Aim of the task: Exact repetition of a range: find the line containing "Asie, bhoutan, dzong, monastère, religion, bouddhisme" and the line containing "30-Babies-Day-Lightroom-Presets 20 Best" in the material below, then repeat both and all lines between them, leaving pictures out.

Excerpted data:

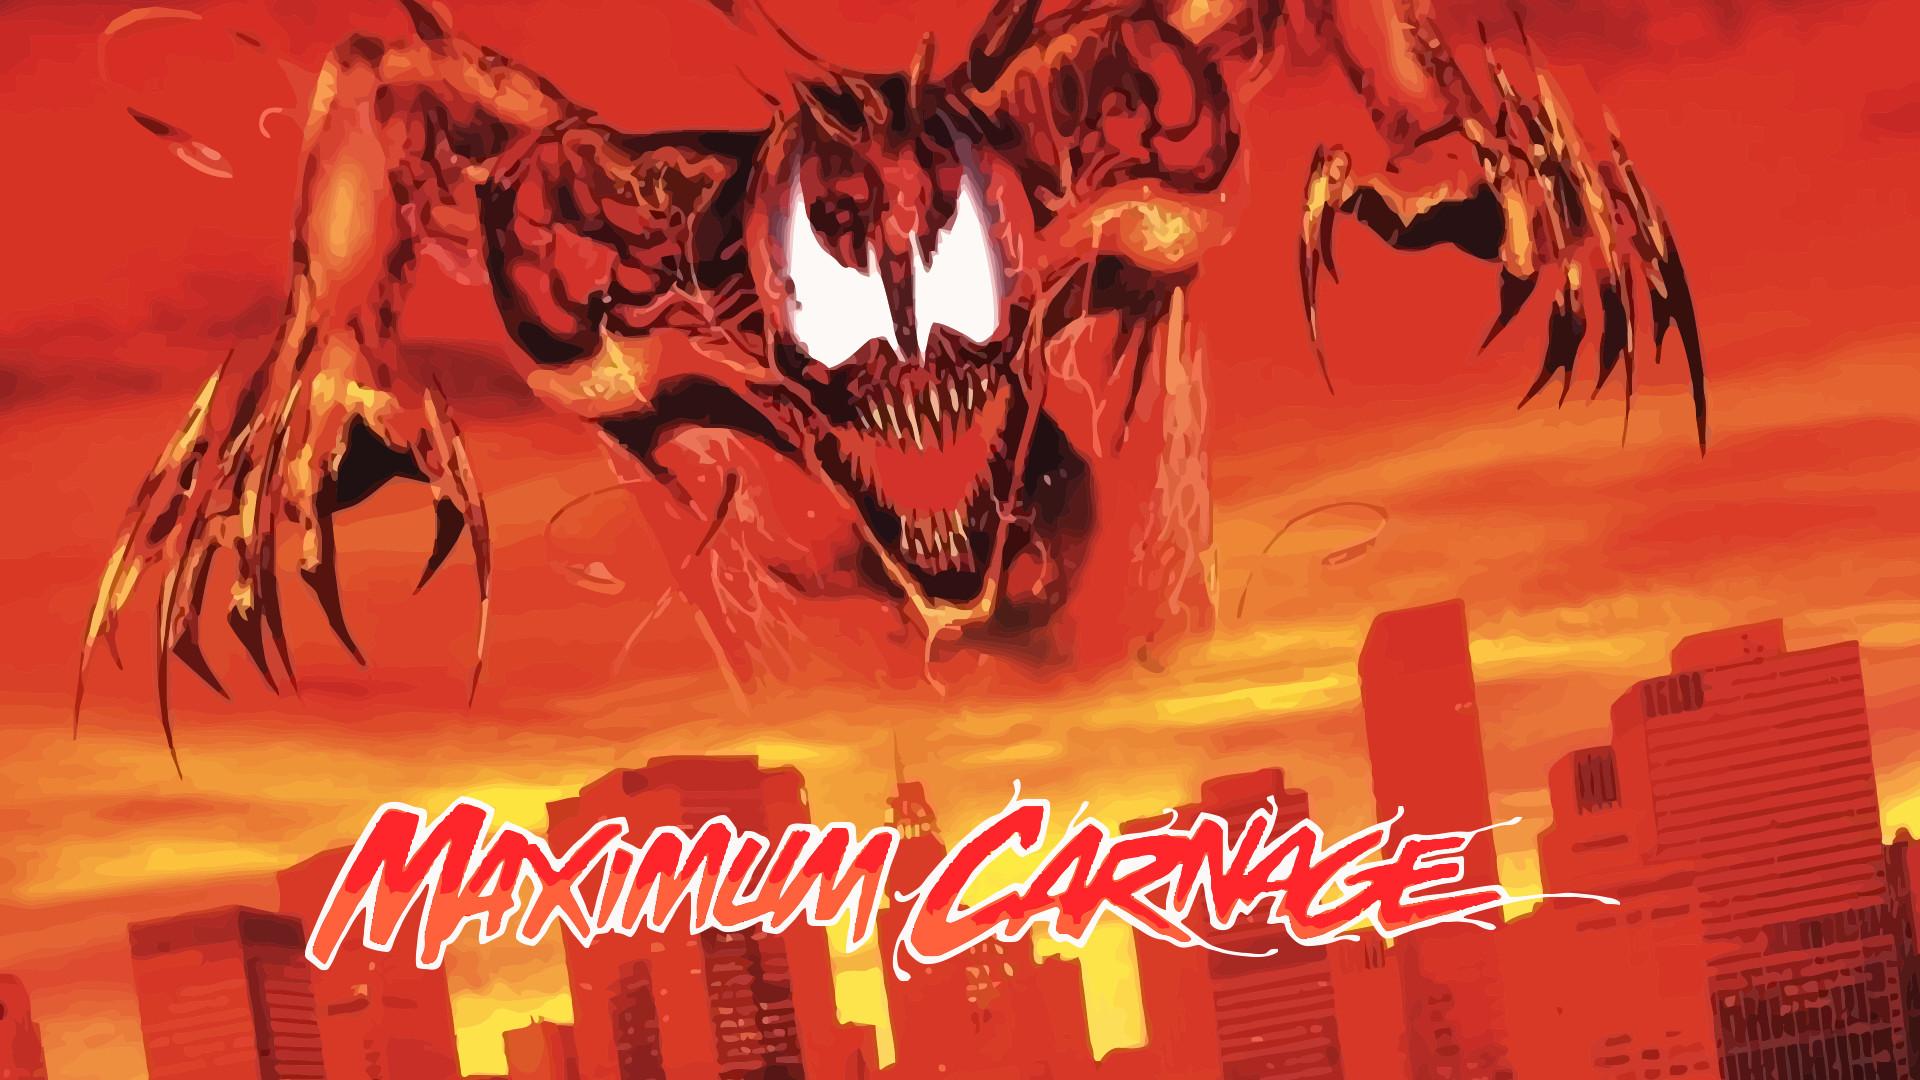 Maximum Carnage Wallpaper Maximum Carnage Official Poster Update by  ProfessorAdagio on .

---

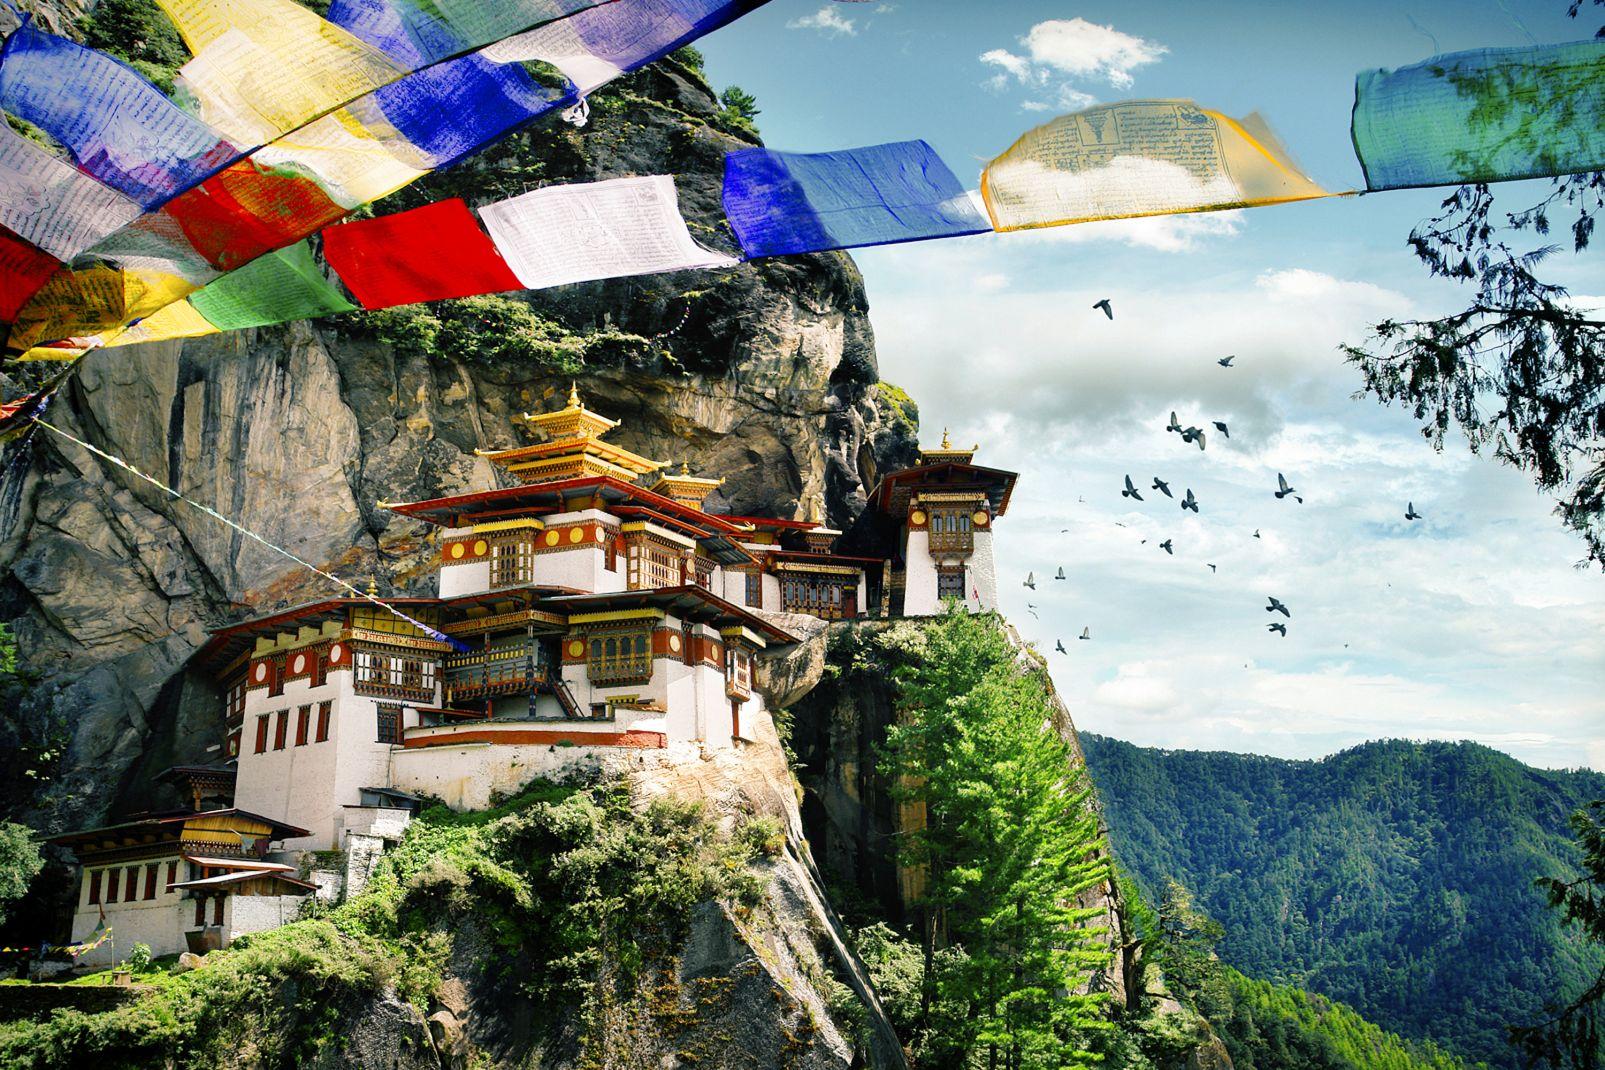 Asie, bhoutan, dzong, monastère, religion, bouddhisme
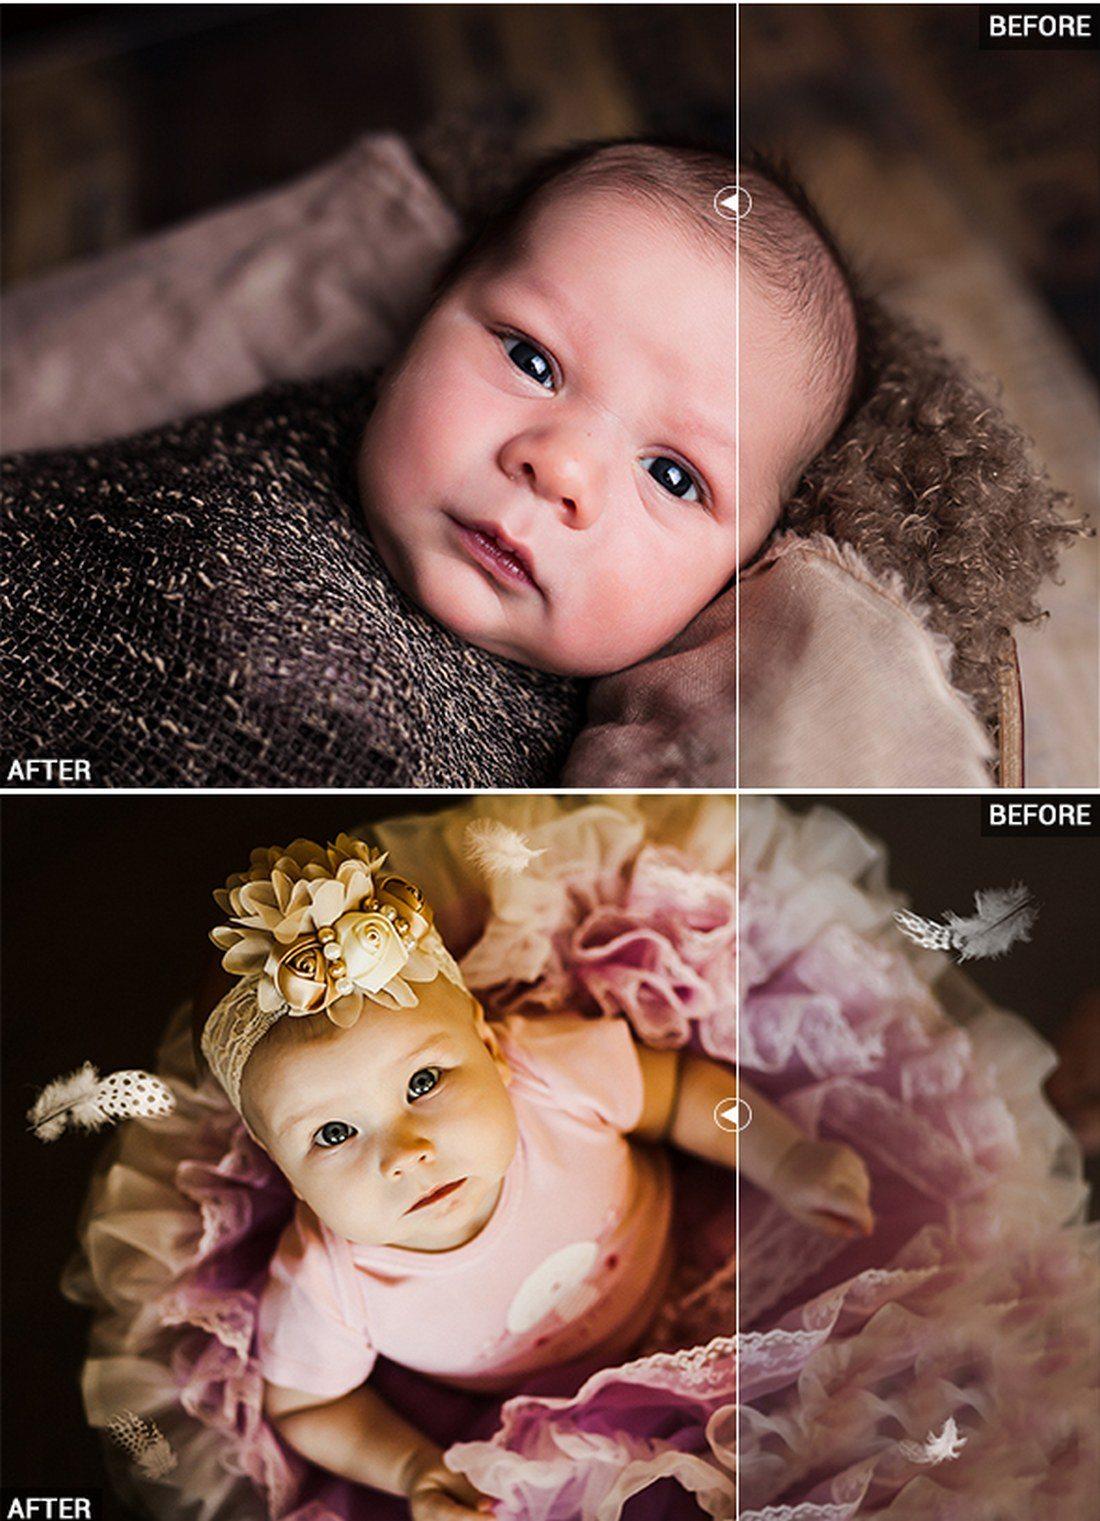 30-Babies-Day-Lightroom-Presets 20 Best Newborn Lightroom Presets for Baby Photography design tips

The completed task:
 Asie, bhoutan, dzong, monastère, religion, bouddhisme
 30-Babies-Day-Lightroom-Presets 20 Best Newborn Lightroom Presets for Baby Photography design tips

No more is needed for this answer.